─── Source material ───

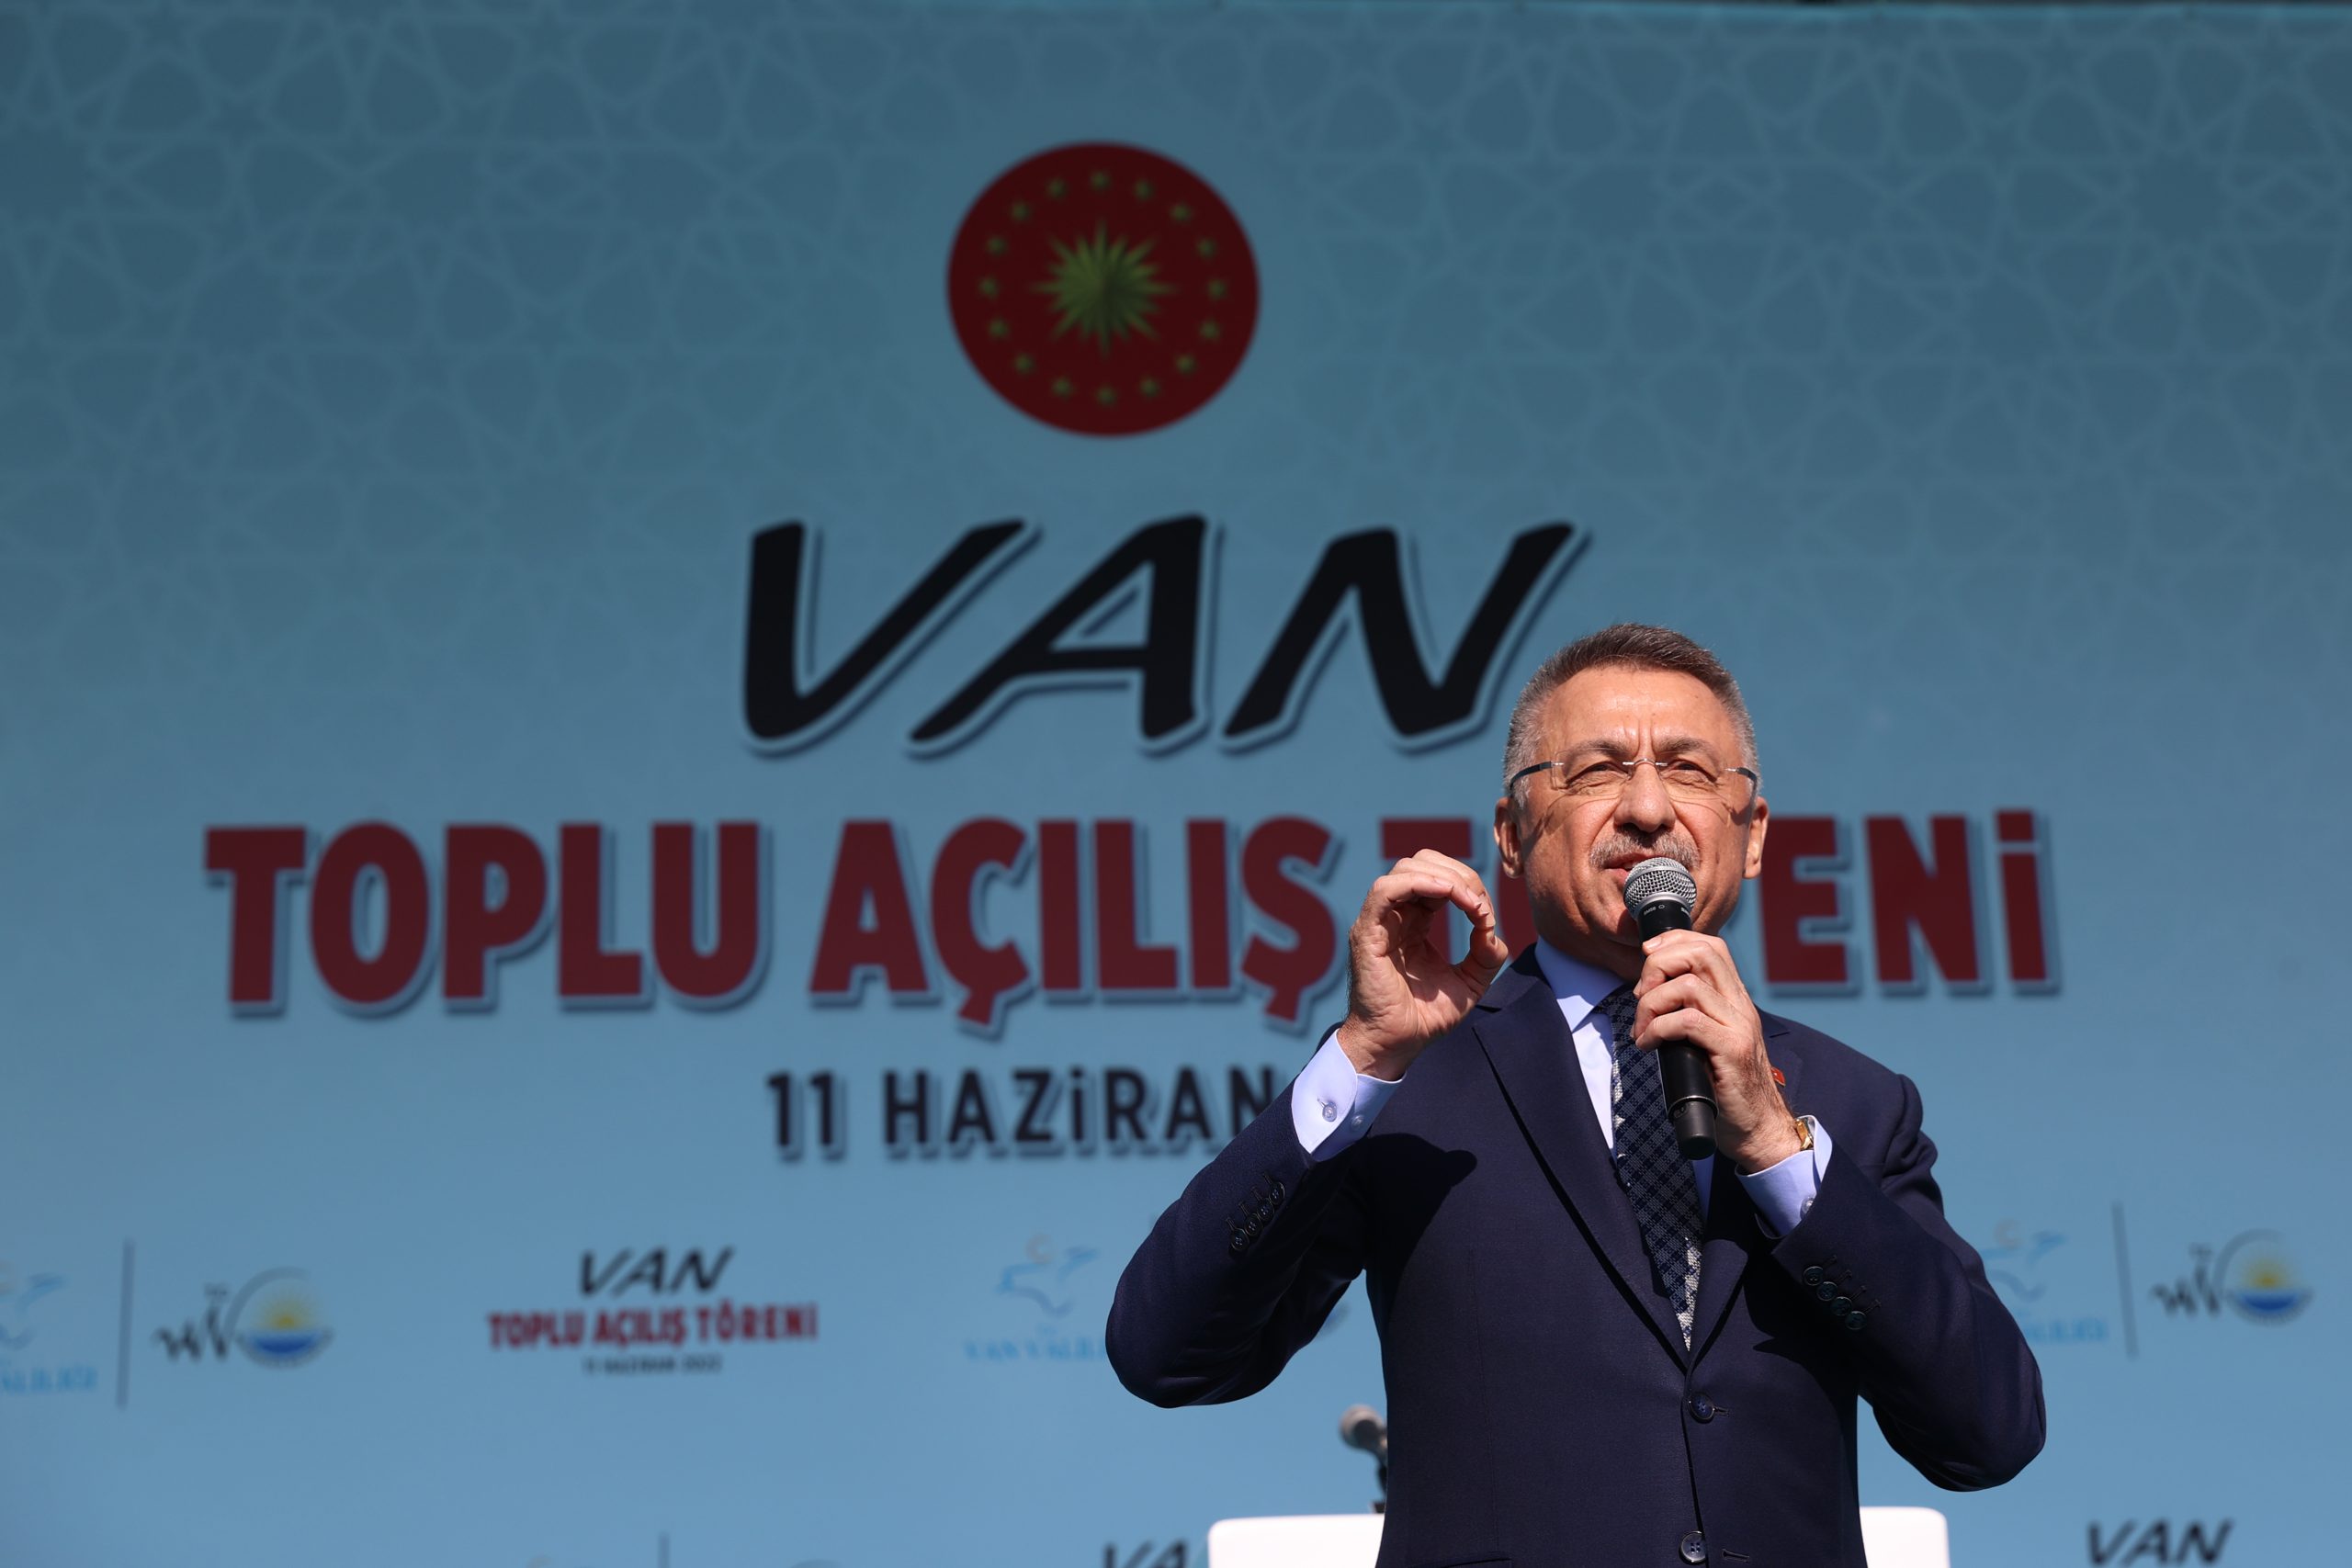 Bakanlar Soylu ve Kasapoğlu, Van’daki toplu açılış töreninde konuştu:
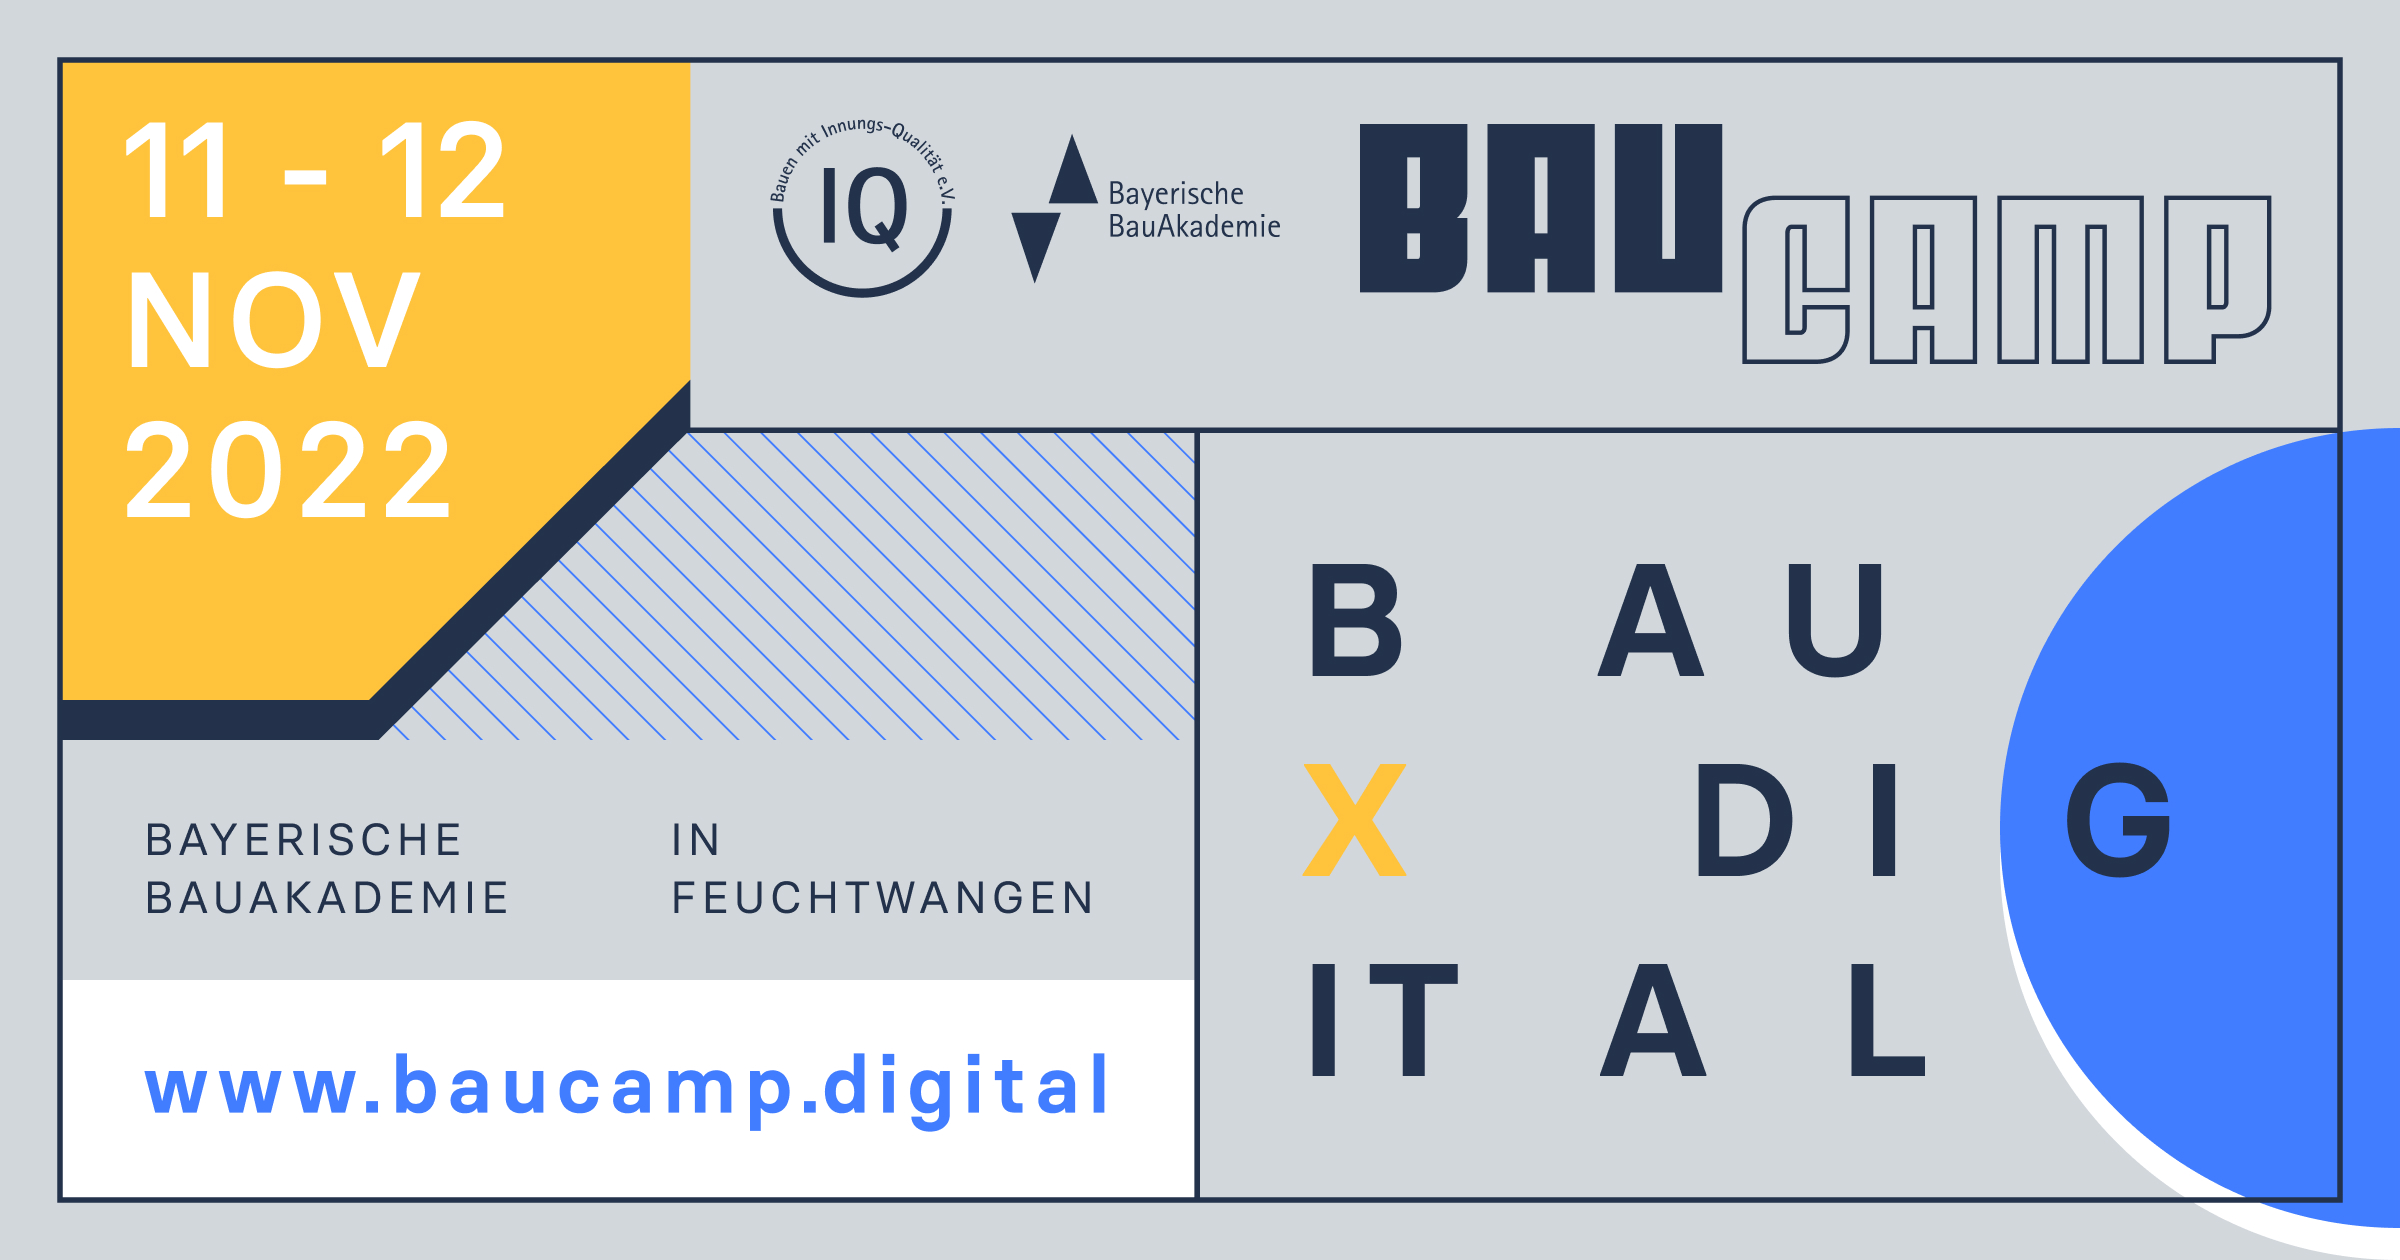 (c) Baucamp.digital
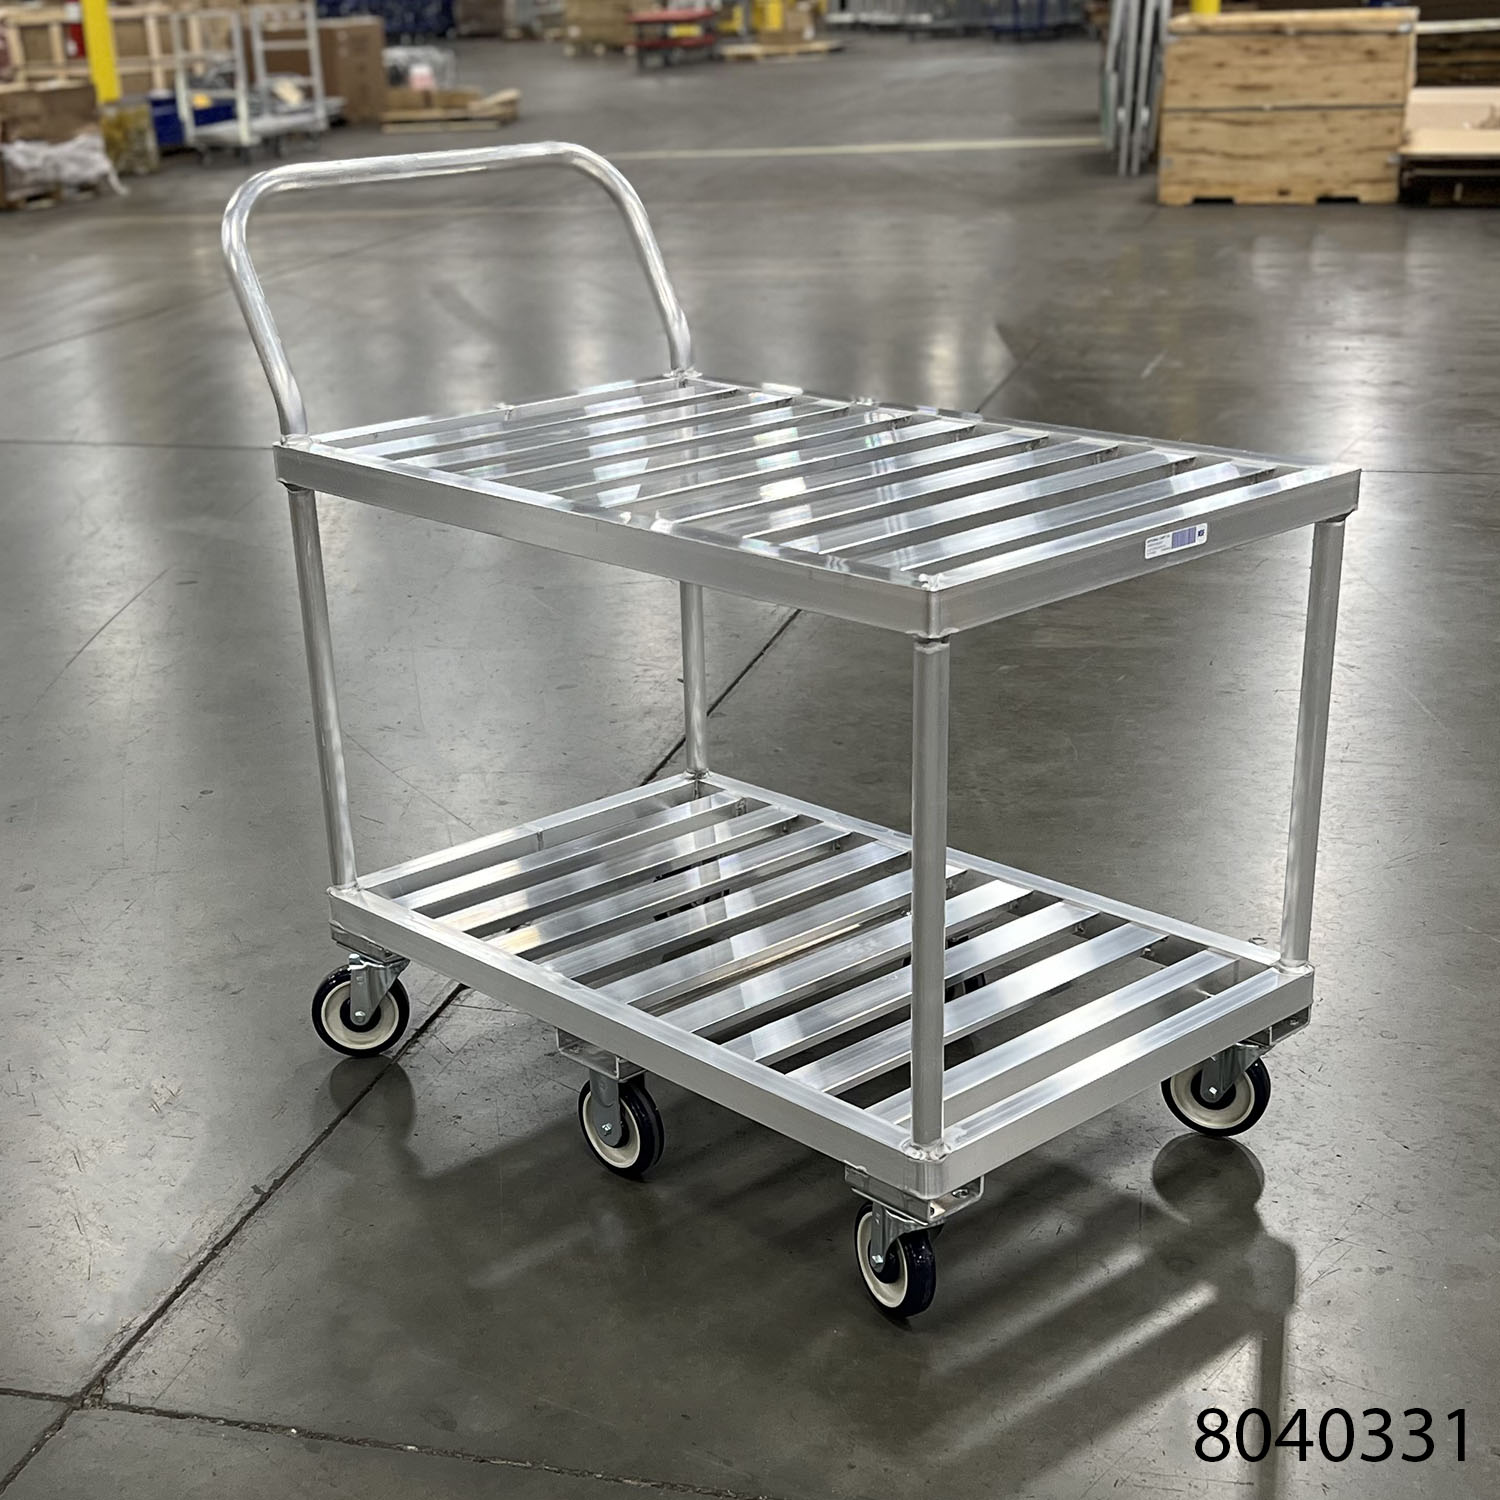 Produce Stocking Cart industrial cart picking cart sushi cart salad bar cart deli cart stream table cart buffet cart

───

The response has to be an exact copy of all the data, pictures excluded.

 Bakanlar Soylu ve Kasapoğlu, Van’daki toplu açılış töreninde konuştu:
 (c) Baucamp.digital
 Produce Stocking Cart industrial cart picking cart sushi cart salad bar cart deli cart stream table cart buffet cart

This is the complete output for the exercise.